As shown above, the way literacy is used in advertising among the traditional healers is based on similar discourses but different presentations. Notably they do not all base their information on the literal meaning and function of the words but play on the local people’s imagination of traditional healers. Literacy is only part of the configuration used to communicate very specific information to an understanding public. This, in my view, confirms the social practices theory of literacy since the words that are used on the adverts have different meanings and they are based on a different logic altogether. The messages are very meaningful when read in the contexts within which they have been posted. It is contrary to the fundamental arguments advanced by Havelock (cited in Grabill, 2001) that literacy is an objective representation of reality because words have meaning, which are independent of contexts. Outside of its context, the traditional healers’ adverts are meaningless

On the other hand, although the signboards are put up to guide or inform the public about the availability of goods and services, from my careful observations of some of them, I noticed that, with the exceptions of the ones written on chalkboards, the signboards do not attract much attention from the local people. Instead, people use other significant features in the community, like a big tree or a bigger building, to locate some shops. For example, when I asked how I could locate the home of the traditional healer whose signboard was so well displayed in the trading centre, I was shown a huge tree that was about 100m away from the main road as the position where his home was located. On another

occasion, and although not related to livelihoods, I asked for directions to the office of the Local Council 1 (LC 1), my guide directed me to, “Go opposite the petrol station,”

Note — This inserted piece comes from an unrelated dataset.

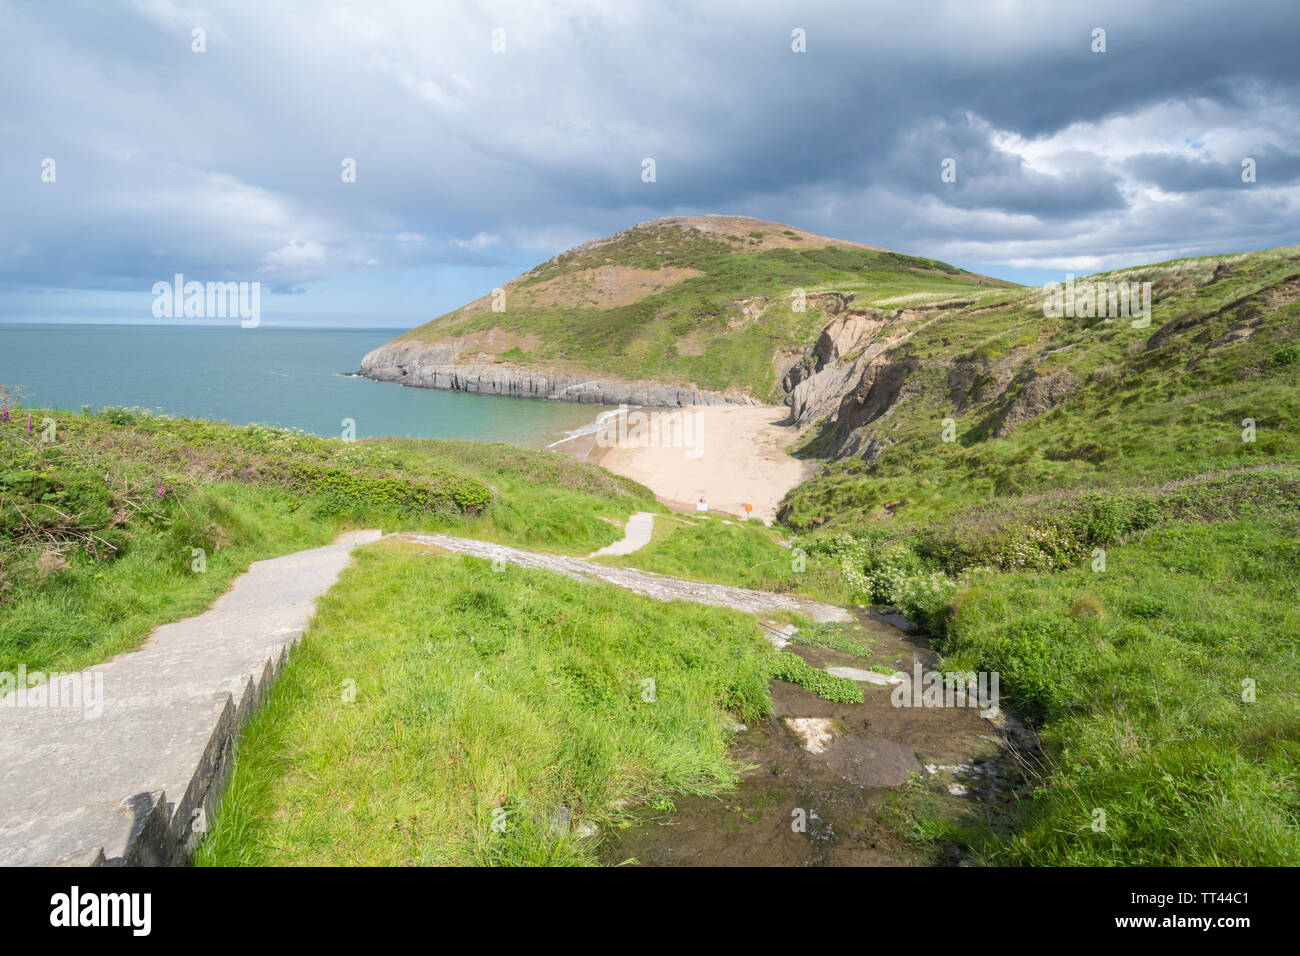 Rugged coastal scenery and beach at Mwnt Bay in Ceredigion, Wales Stock Photo

without referring to the signpost that I later discovered was placed right in front of the LC office. It could even be seen from where I was asking for directions to this office. Instead, a significant physical landmark in terms of visibility, ‘The petrol station,’ was used to identify a rather obscure and difficult to notice place, the office of the LC Chairperson.

It is also possible that the location of most business places and other commercial establishments identified by the signboards was already internalised by the local people, thus rendering the signboards less important for locating the place or directing people to the place, or giving information about goods and services. During an interview, I asked Jane if she uses the many signboards in the trading centre to find directions to the different shops and other commercial establishments when she goes to the trading centre.